A tecnologia teve um avanço especial e muita coisa mudou realmente para melhor. O Brasil ainda não aprendeu a usar o avanço tecnológico para crescer em todos os itens e setores, enquanto país desenvolvido. Embora seja um dos mais ricos do planeta. A tecnologia não tem feito bem ao Brasil. Ainda não adquirimos competência para usar a tecnologia e os avanços dela.

E. sequer vamos caminhar pela esculhambação, nem pela degradação que os poderes constituídos se permitiram entrar.
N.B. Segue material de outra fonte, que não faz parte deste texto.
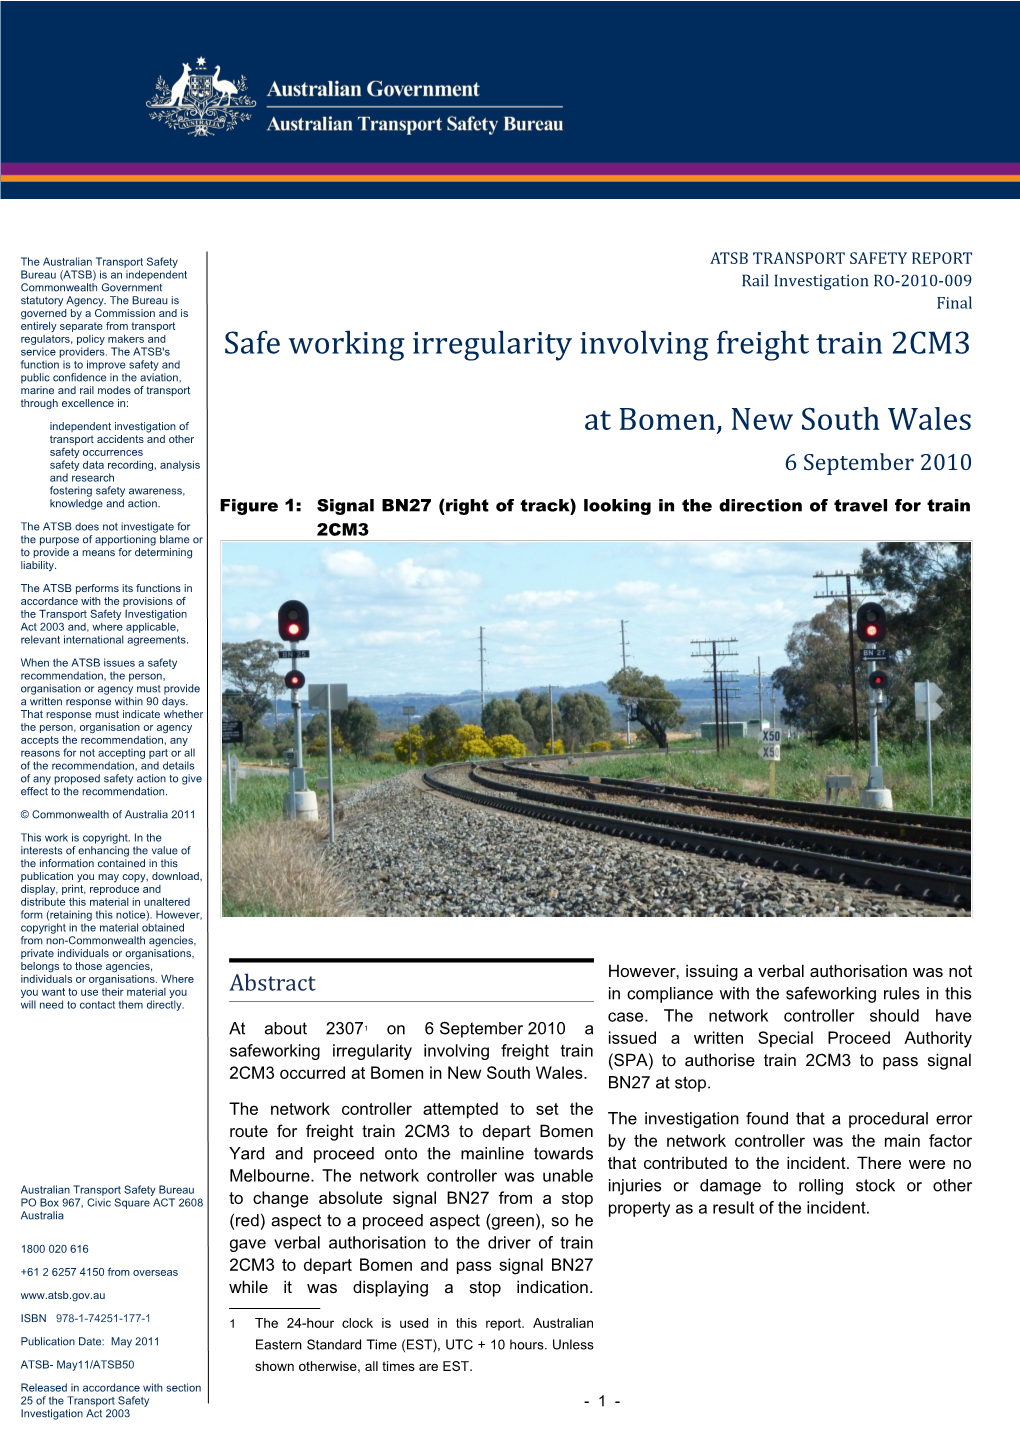 Safe Working Irregularity Involving Freight Train 2CM3 at Bomen, New South Wales 6 September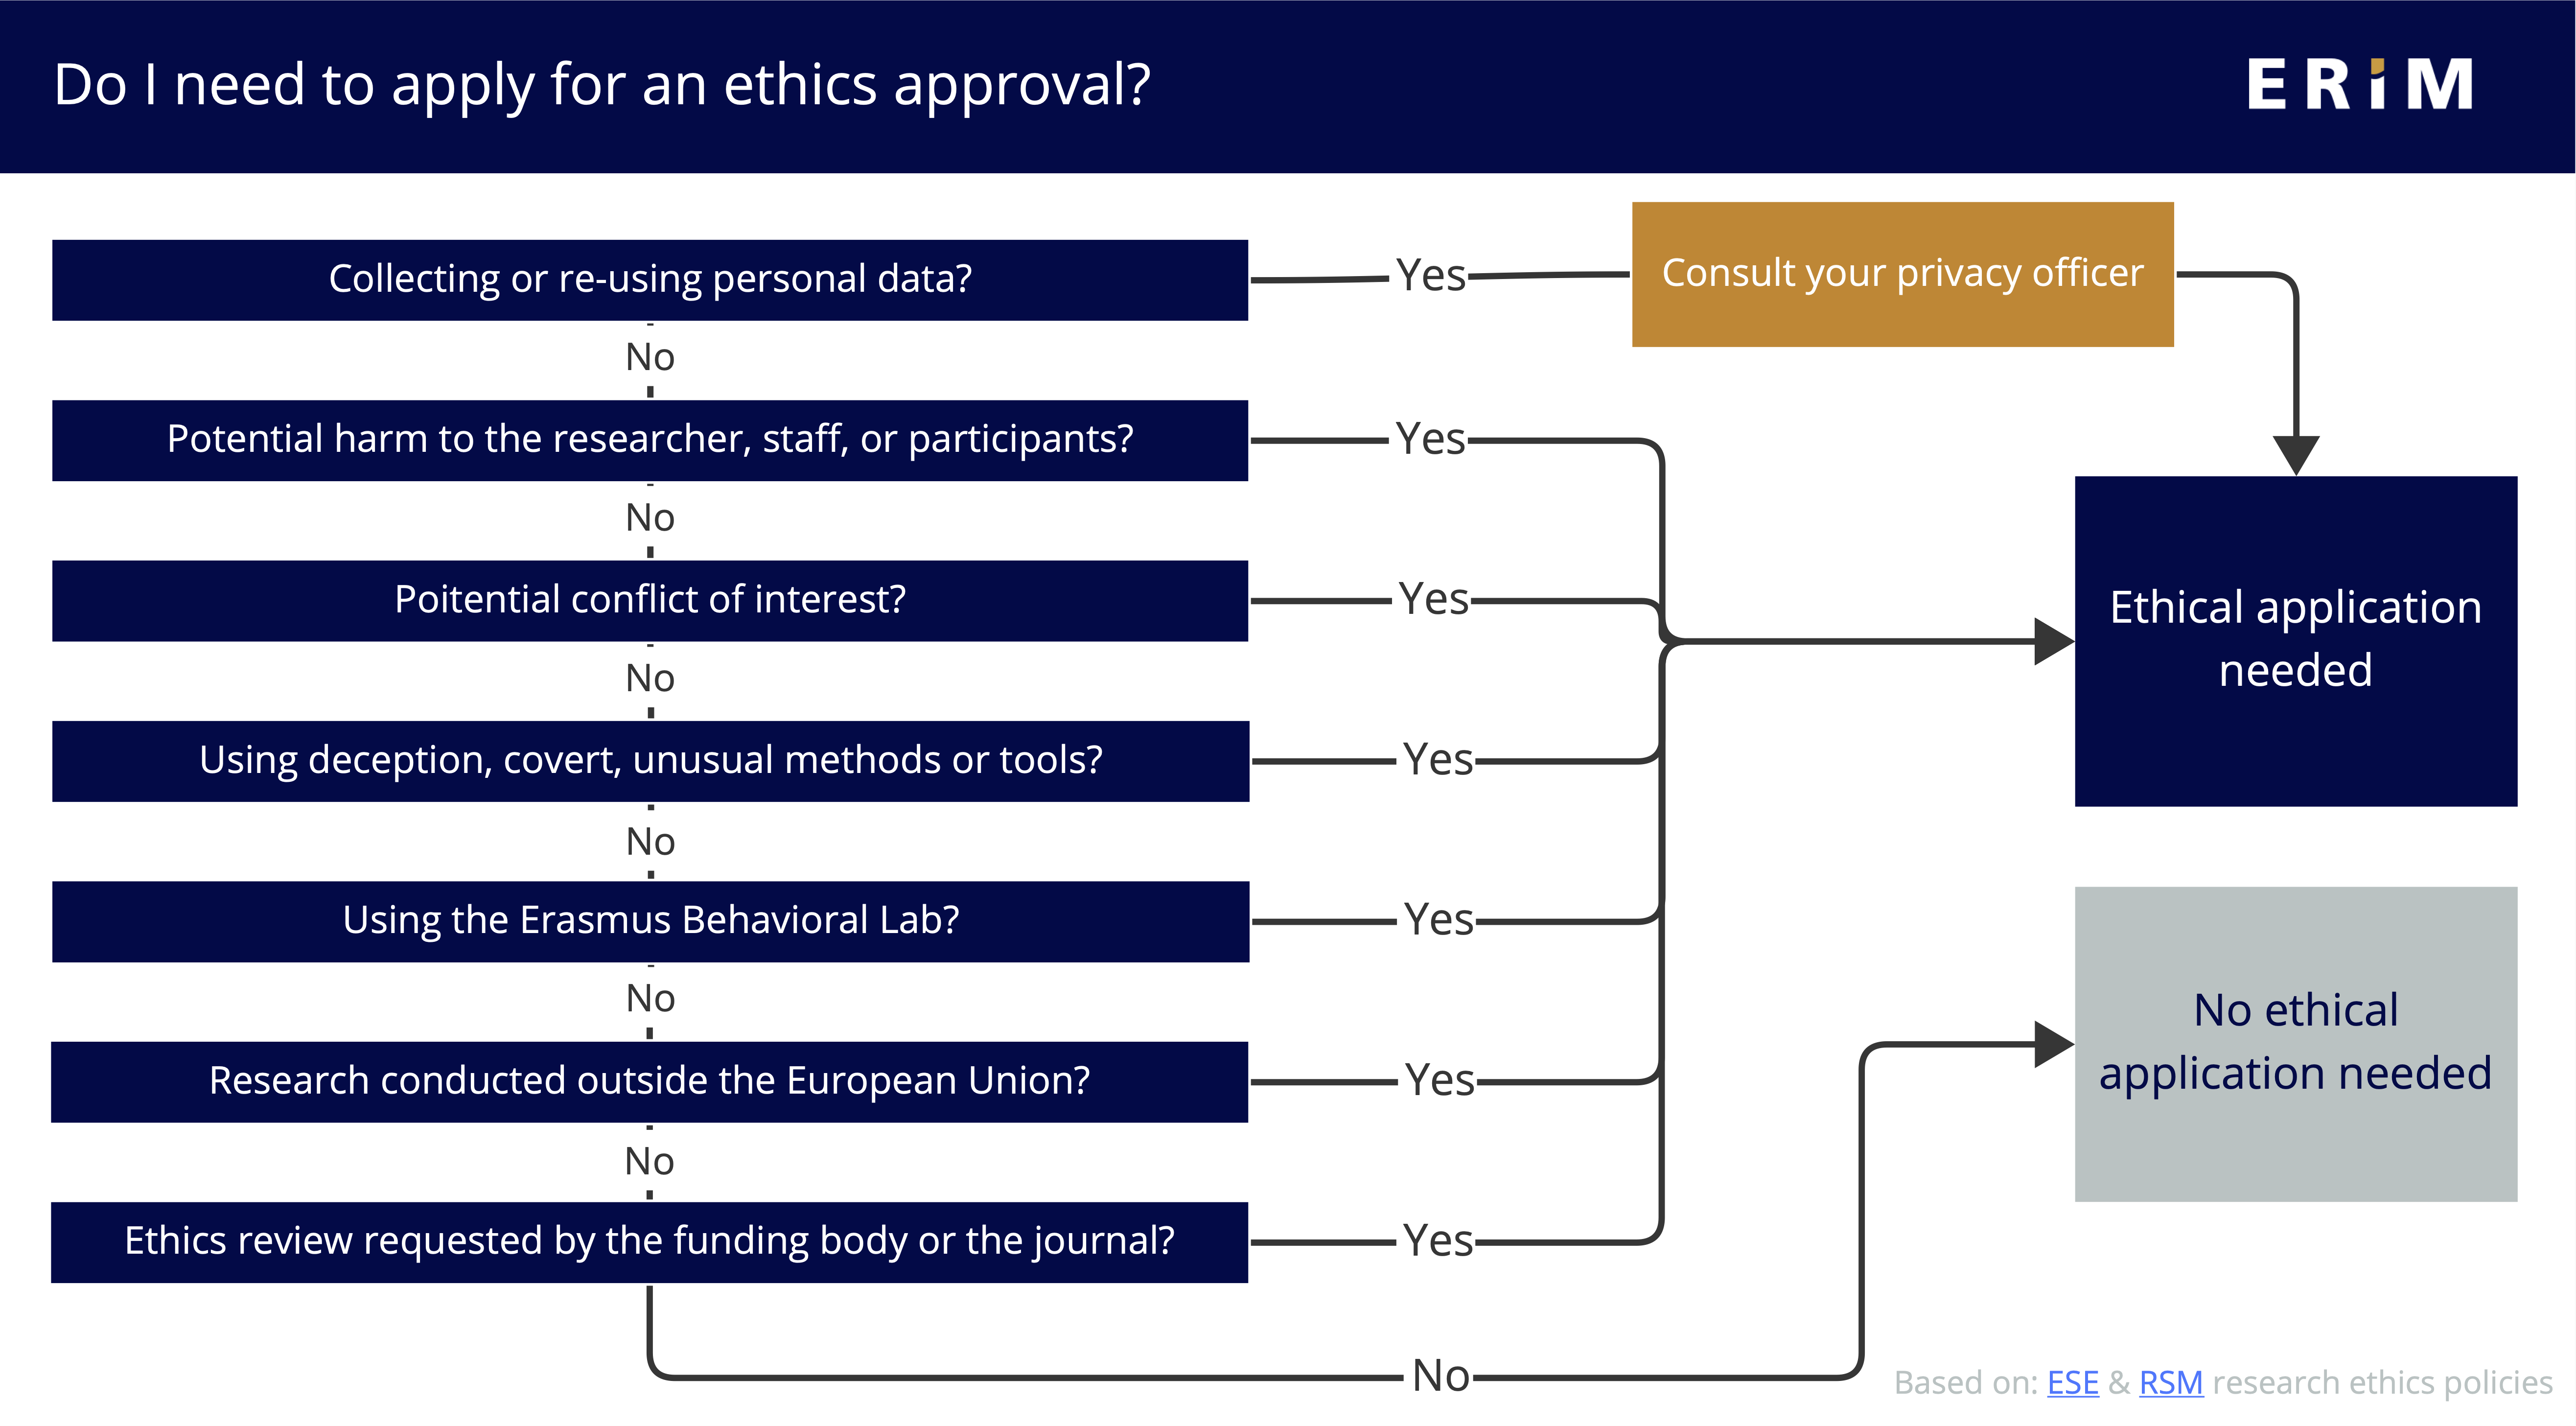 "A decision tree showing when to apply for an ethical approval"

Entraram, fecharam a porta e jogaram a chave no mar. Teremos que esperar a ressaca (ou essas gerações) passarem – para que possamos tentar encontrar a chave na areia. Torçamos para que a onda do mar traga a chave de volta, e a deixe na praia.

Mais uma vez damos uma volta no passado (sem mergulhar no tempo – porque a gente mergulha é no açude, na lagoa ou no mar), e relembramos o quanto éramos felizes, e sabíamos. A disparidade com a meninada do “mundo tecnológico” de hoje é absurda. É enorme!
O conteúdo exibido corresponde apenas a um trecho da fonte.